The second article in the Emerging Learning Technology section is “Smartzoos – Learning through creating artifacts with mobile learning application,” written by Mettis and Väljataga. The article presents the design of the SmartZoos, a mobile application for creating outdoor learning tracks. Students can follow a premade learning track by solving the tasks retrieved from the repository; they can also create a new track by selecting activities from repository or design new activity items to form a meaningful track. The authors evaluated students’ and teachers’ experiences with activities that were carried out at the zoo, using the proposed mobile application. Both articles provide innovative applications for learning through technologies, which are useful for the relevant researchers.

In Book & Report Reviews section, the article reviews the content of a book, entitled “Blockchain Technology Application in Education,” and discusses the connection between chapters of the book. It offers a very interesting and educational overview of the book, followed by assessment of its content and some suggestions. Such brief review on the emerging technology of Blockchain could help readers in the field of education to have a clear vision on how such technology can be employed to improve education.

The article published in the Collaboration Opportunities section aims to increase the students’ interaction and immersiveness through the use of Virtual Reality (VR). Specifically, it develops virtual immersive experiences using real-world content (360-degree media), synthetic content (computer-generated), or a mix of these two to help Indian students learn about historical areas, such as Great Buddha Statue Raj Ghat Smadhi of Mahatma Gandhi. The authors further call for collaborations to increase the usability of their applications by making it a cross-platform or by also using it with different learning scenarios, including while using digital open textbooks.

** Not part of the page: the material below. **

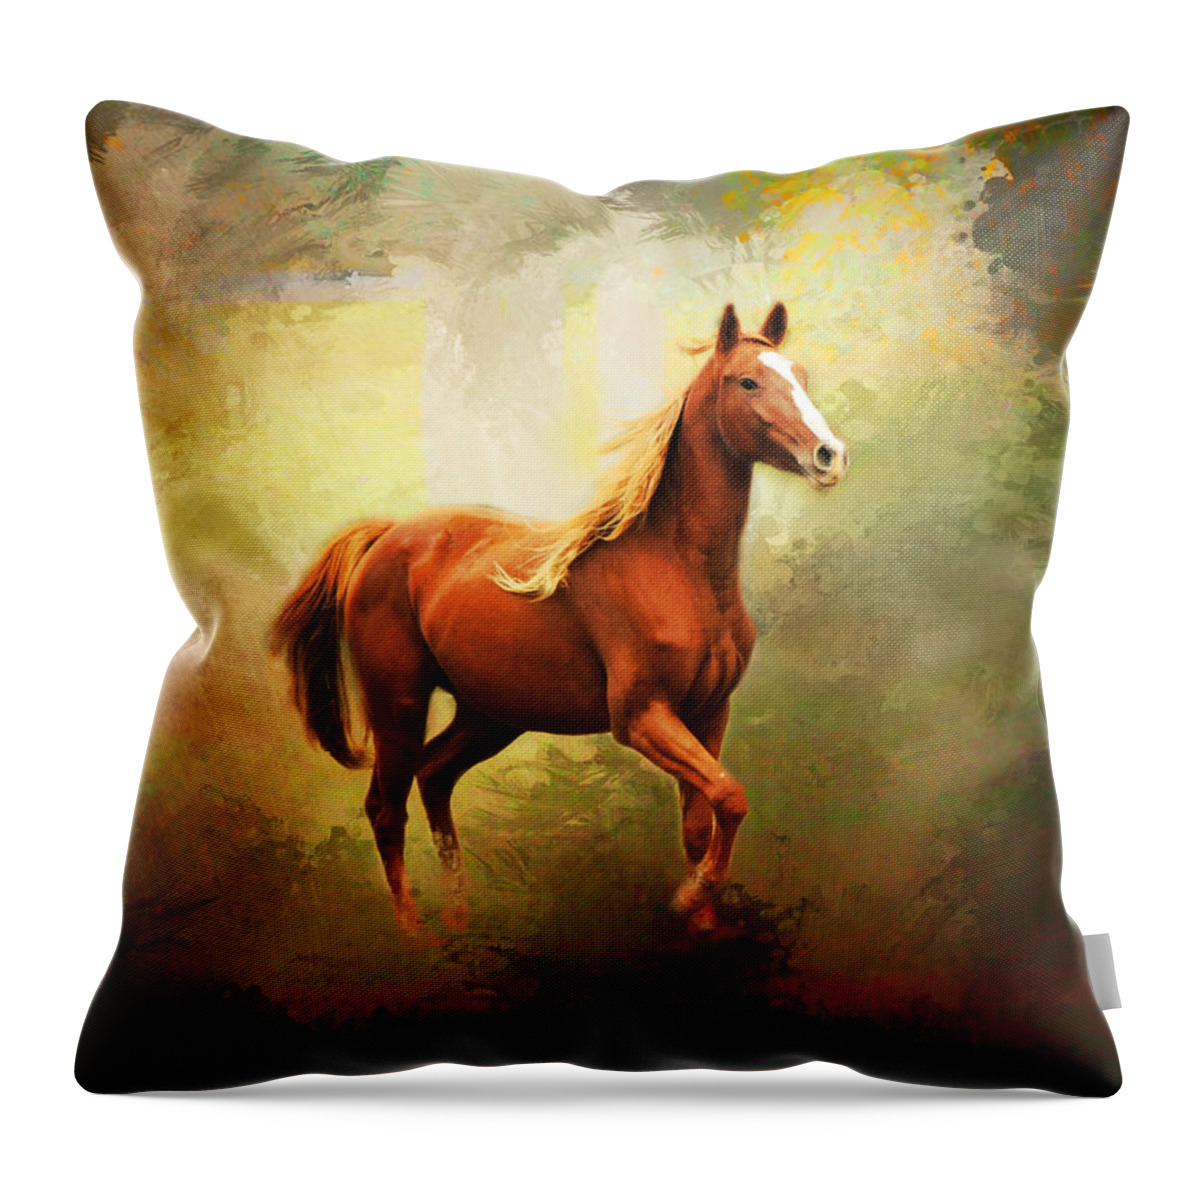 Animal Throw Pillow featuring the photograph Arabian Horse by Jai Johnson

Two important international events are introduced in the Event Info & Call for Event Host section. The first one is the 21st IEEE International Conference on Advanced Learning Technologies (ICALT 2021), an annual conference organized by IEEE Computer Society and IEEE Technical Committee on Learning Technology. The conference aims to bring together people interested in the design, development, use and evaluation of technologies that could be potential foundations for future e-learning systems and technology enhanced learning environments. Being held online (July 12-15, 2021 in GMT), ICALT 2021 features 13 tracks as well as Doctoral Consortium on various thematic topics and serves as an effective venue for researchers around the world to get inspired.

As an annual international forum for researchers, practitioners and policy makers in the Chinese communities for the worldwide dissemination, Global Chinese Conference on Computers in Education (GCCCE) provides a channel aiming at sharing of research ideas addressing computers in education. GCCCE 2021, jointly organized by The Education University of Hong Kong, Beijing Normal University, National Taiwan Normal University, and National Institute of Education, Singapore, will be held in a blended mode on September 11-15, 2021 in GMT+8. With nine theme-based sub-conferences, GCCCE 2021 welcomes submission (full paper, short paper, and poster) in English as well as Chinese in the field of computers in education.

Finally, the editorial board wishes the readers and their family stay safe and healthy. We will maintain the article quality of the bulletin and deliver the most recent learning technology information to our readers in 2021.